I refill my coffee. I add more cream. I add more sugar. I wish for the billionth time that there was Sweet & Low. I tell myself I'd settle for Equal, even.

I watch Jared and Caleb and Peter--my favorite--steam the milk and strain the espresso.

I watch the door open, hopeful that someone I know will walk through it.

But even if it's someone I've never seen before, there will definitely be plenty to talk about.

Tuesday, May 25, 2010

Happiness Is

Going two full weeks without bumping into any of those scrappy parking enforcement "officers" with their blue shorts and meter readers!

Sunday, May 23, 2010

Catching Up

It is now called an "epidemic" in America, and spans the globe--a "crisis" even in the United Arab Emirates, an otherwise male-dominated society.
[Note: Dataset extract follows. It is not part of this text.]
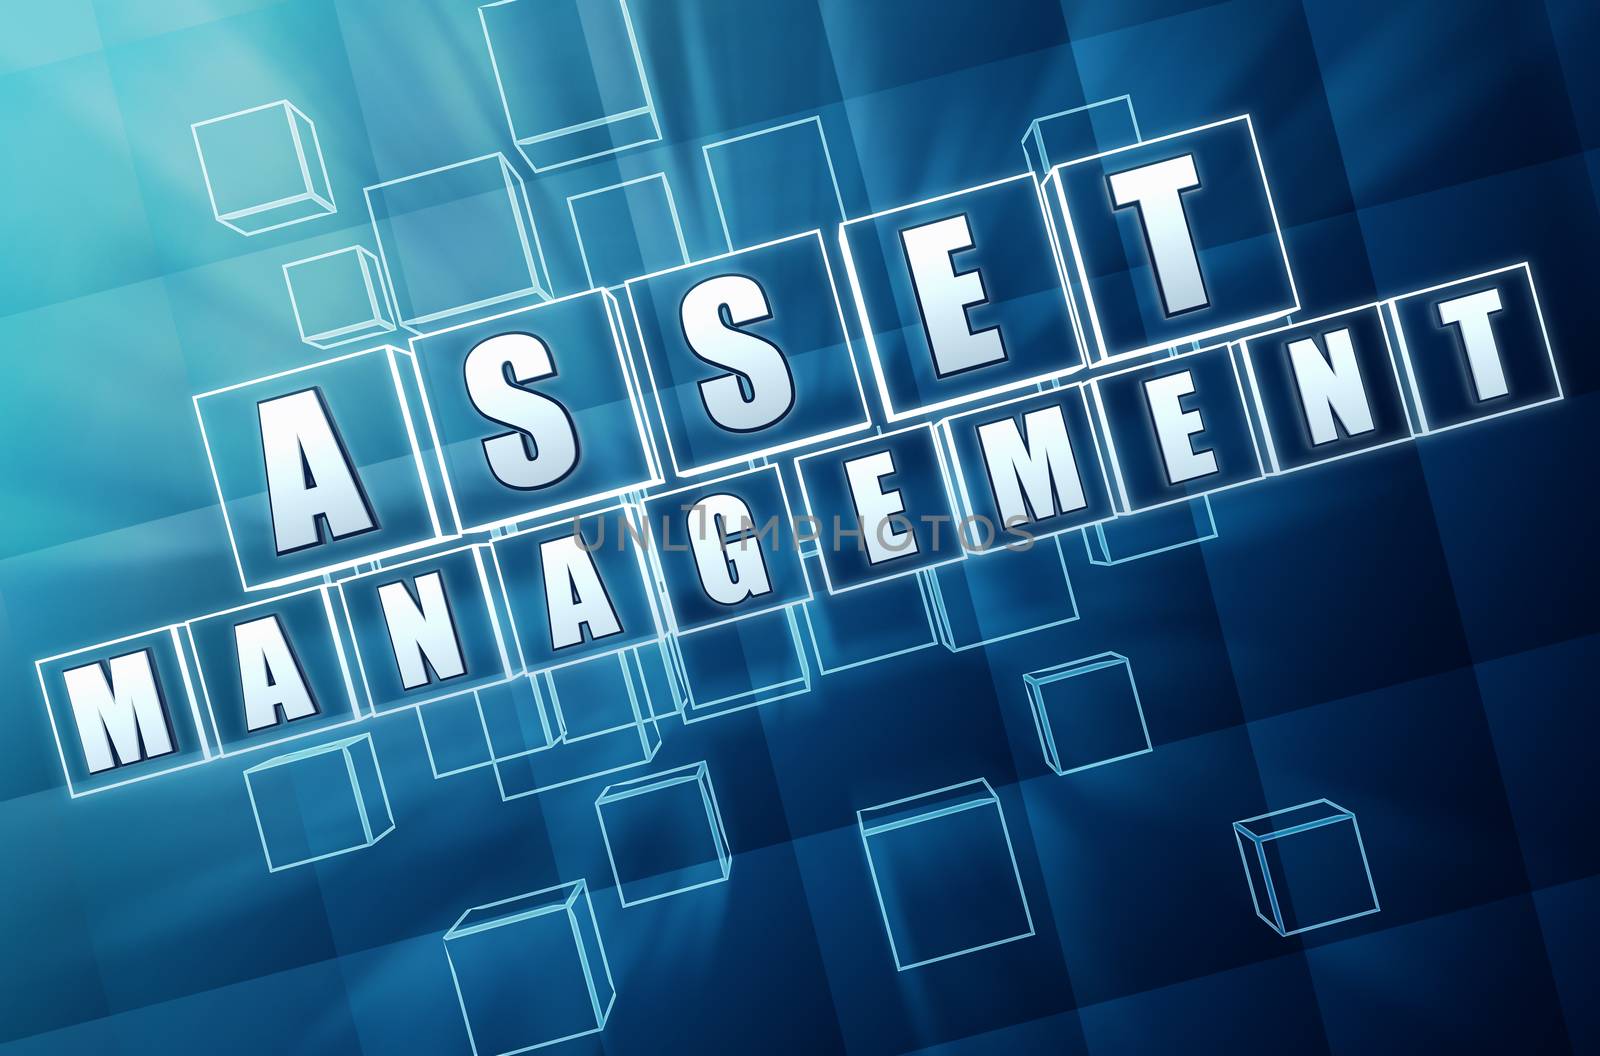 asset management in blue glass blocks by marinini

It is the rate at which males are matriculating (getting into) and graduating from higher education institutions.

In February, the New York Times reported that for every 100 males who graduated from college, there were 185 (almost twice as many!) females.

In Australia, women graduates outnumber men by hundreds of thousands.

And in Dubai, 60% of the university co-ed student body is female.

What's more astounding (or alarming) is the rate at which females are superseding males in terms of higher ed.

I see it in my classroom. These 18-25 year-old "boys" wiggle in their desks, with their iPods and iPhones stuffed in their pockets. They're drinking Dr. Pepper and thinking about Megan Fox.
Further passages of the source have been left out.